**Required work:**
Without including any pictures, reproduce the full listing exactly.

**Recorded data:**
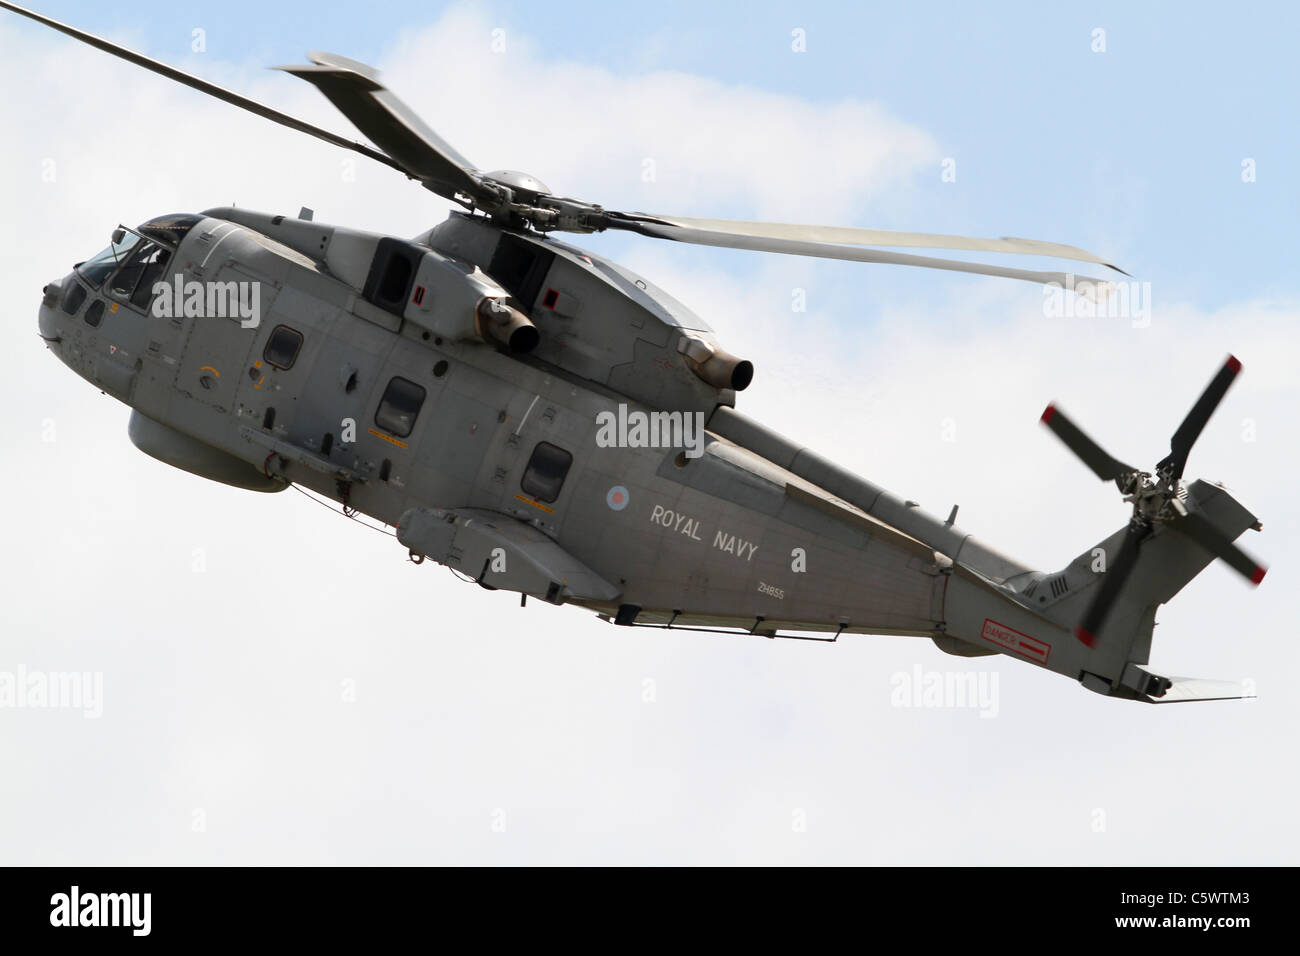 MERLIN HM1 HELICOPTER ROYAL NAVY'S 824 NAS 02 July 2011 Stock Photo
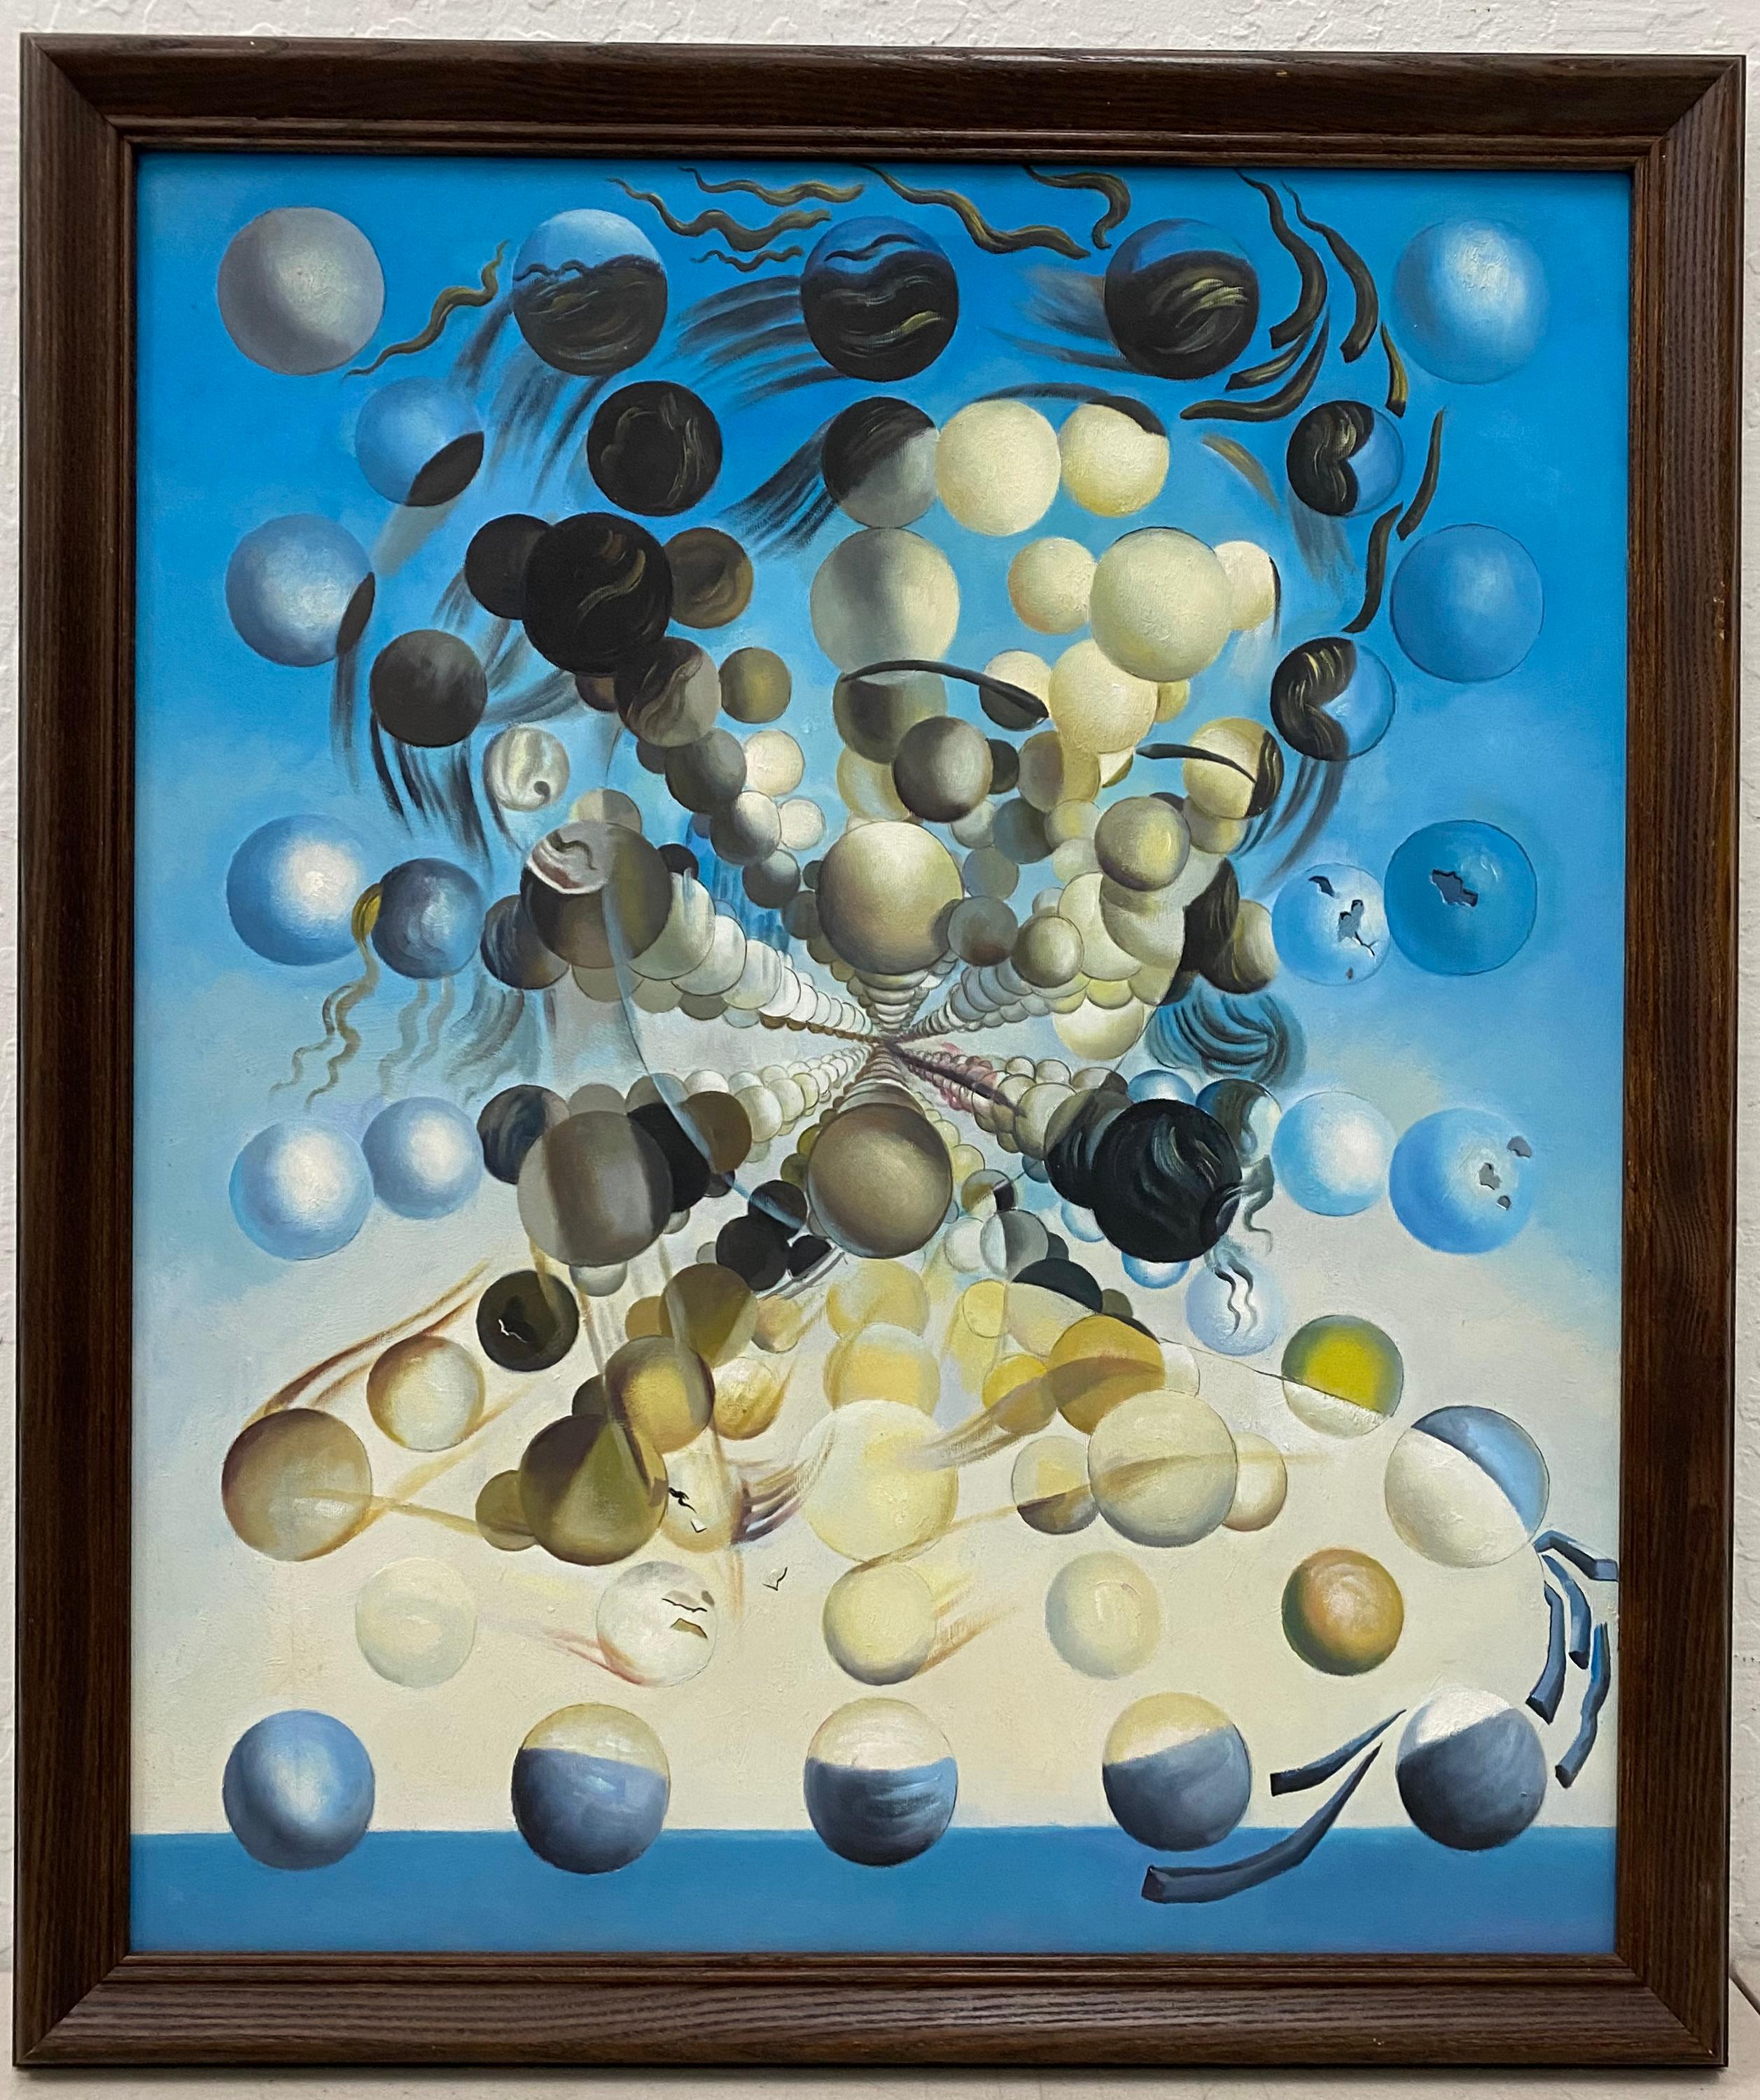 (after) Salvador Dali Portrait Painting - Contemporary Acrylic "Galatea of the Spheres" Painting After Dali 21st Century
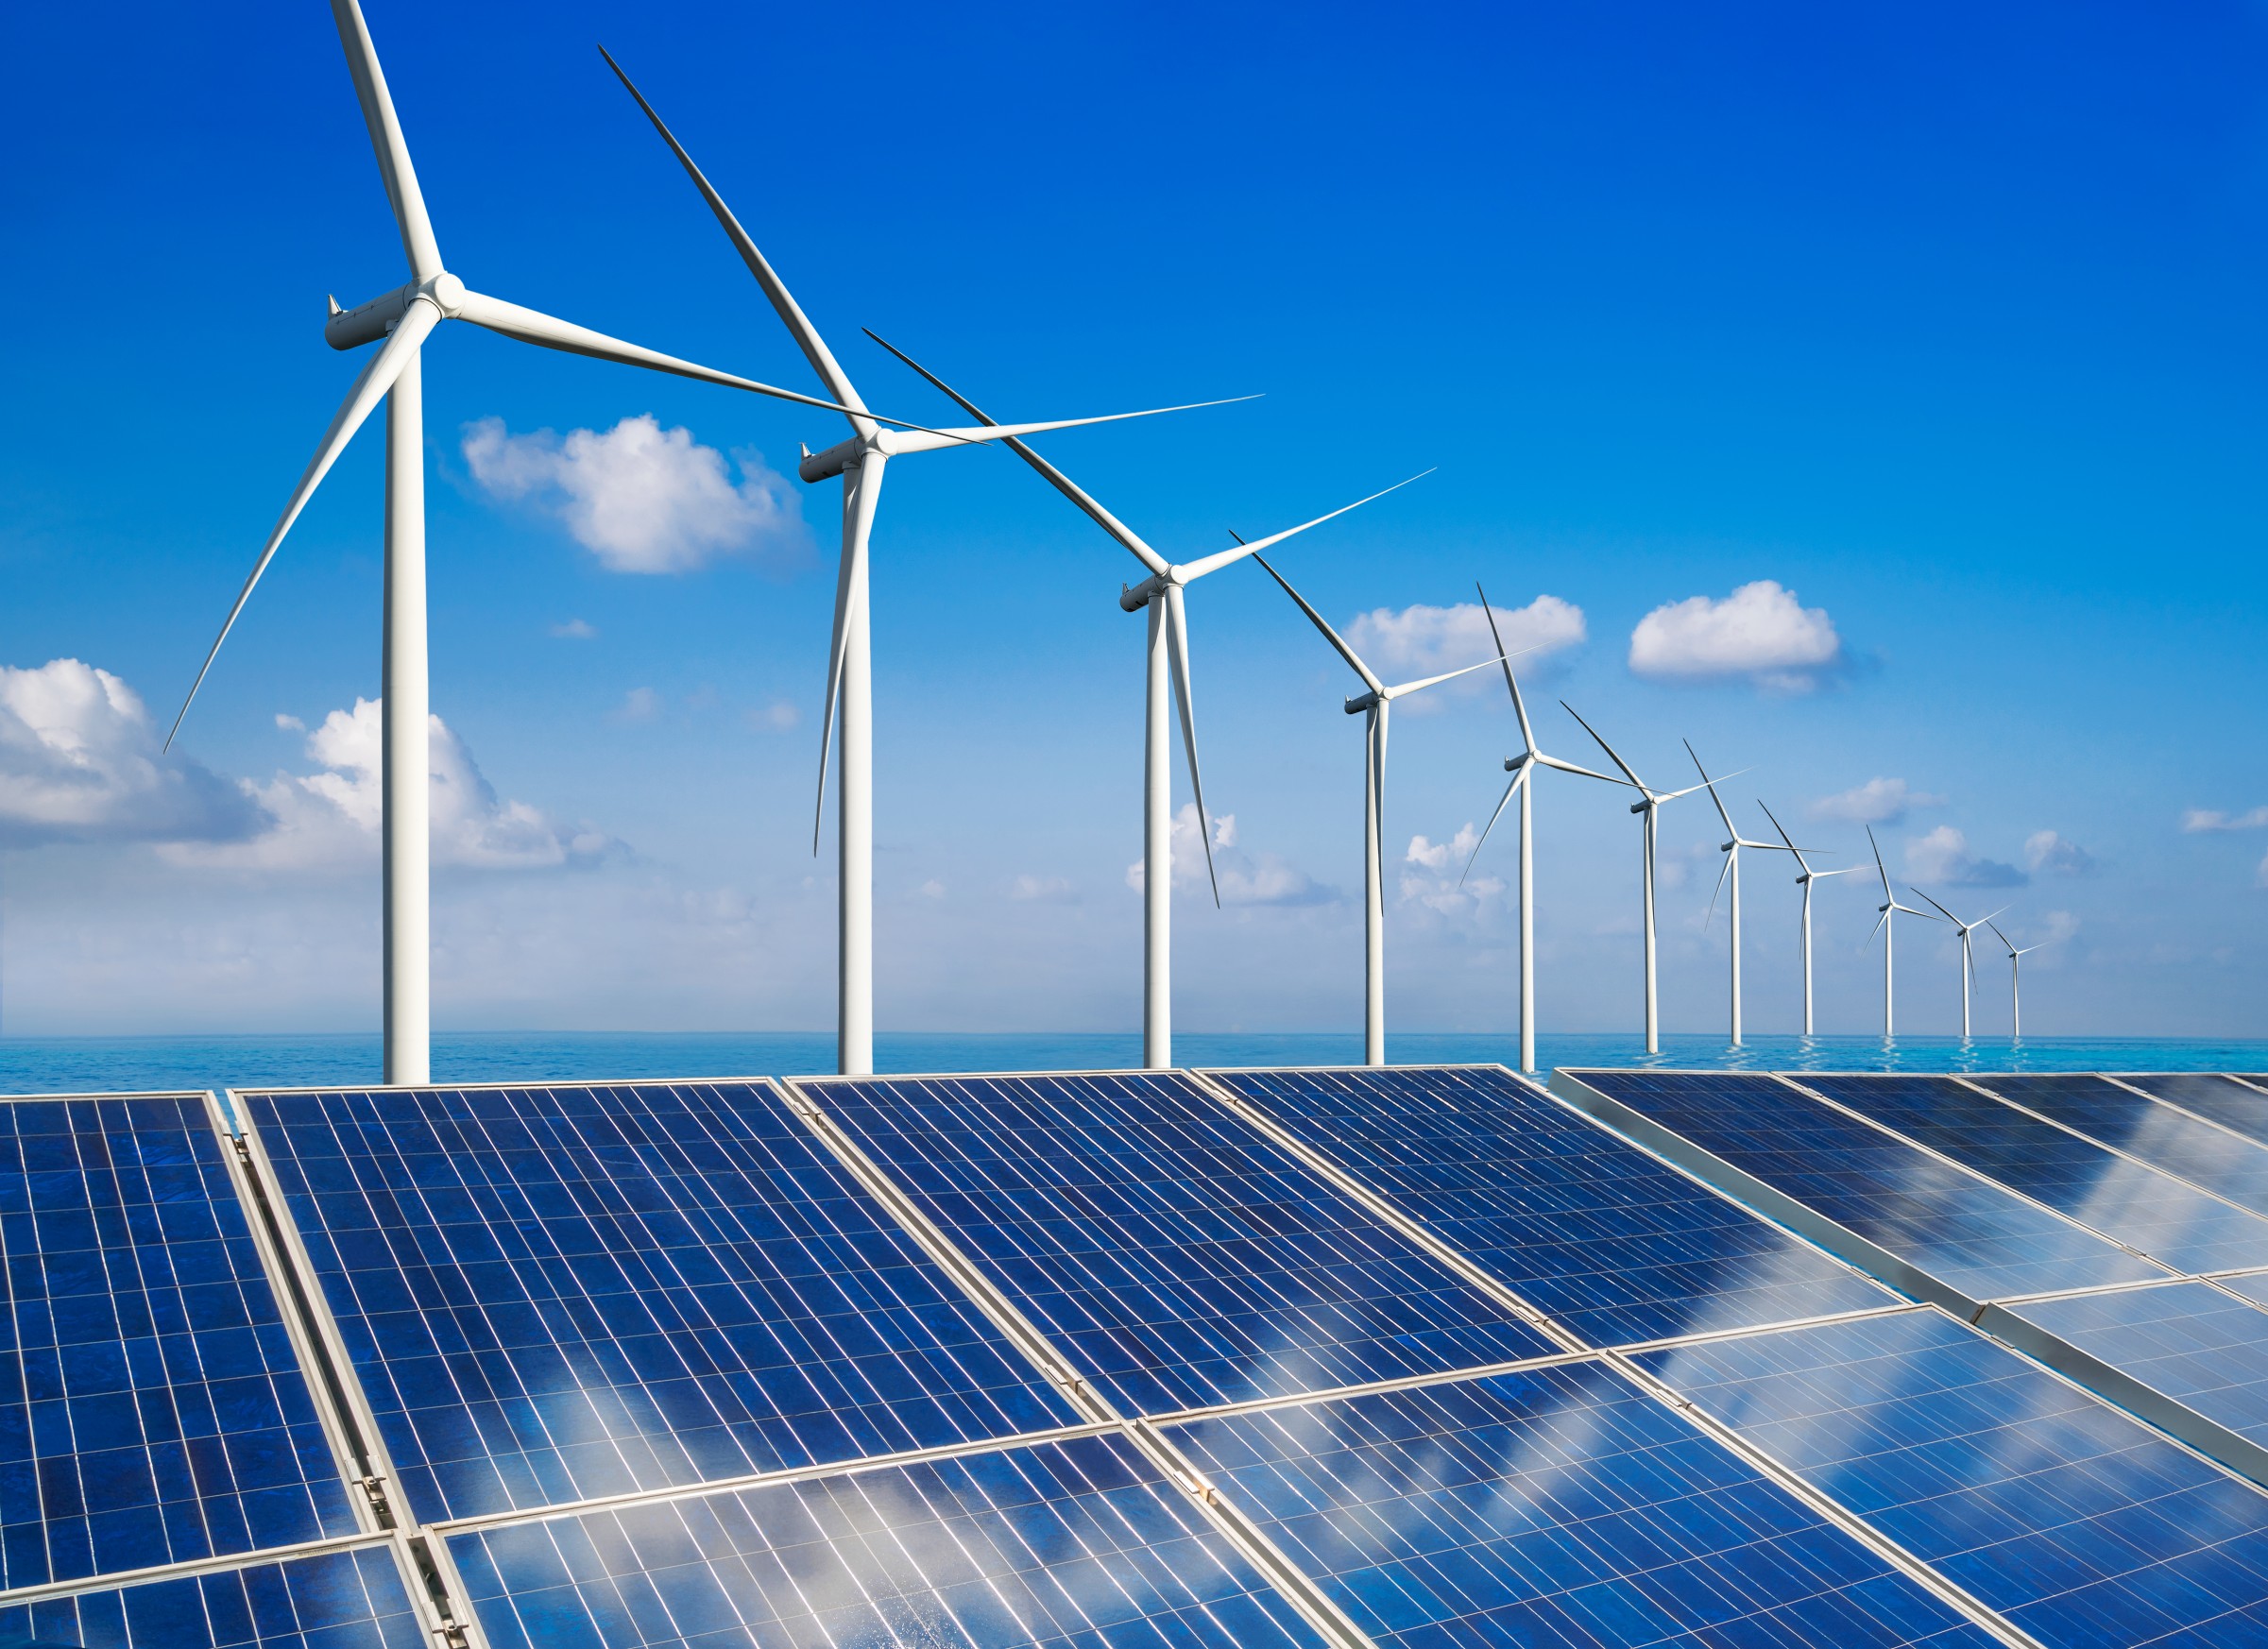 GULF joins forces with GUNKUL to jointly develop 1,000 MW of renewable energy within 5 years.

**Response:**
 MERLIN HM1 HELICOPTER ROYAL NAVY'S 824 NAS 02 July 2011 Stock Photo
 (after) Salvador Dali Portrait Painting - Contemporary Acrylic "Galatea of the Spheres" Painting After Dali 21st Century
 GULF joins forces with GUNKUL to jointly develop 1,000 MW of renewable energy within 5 years.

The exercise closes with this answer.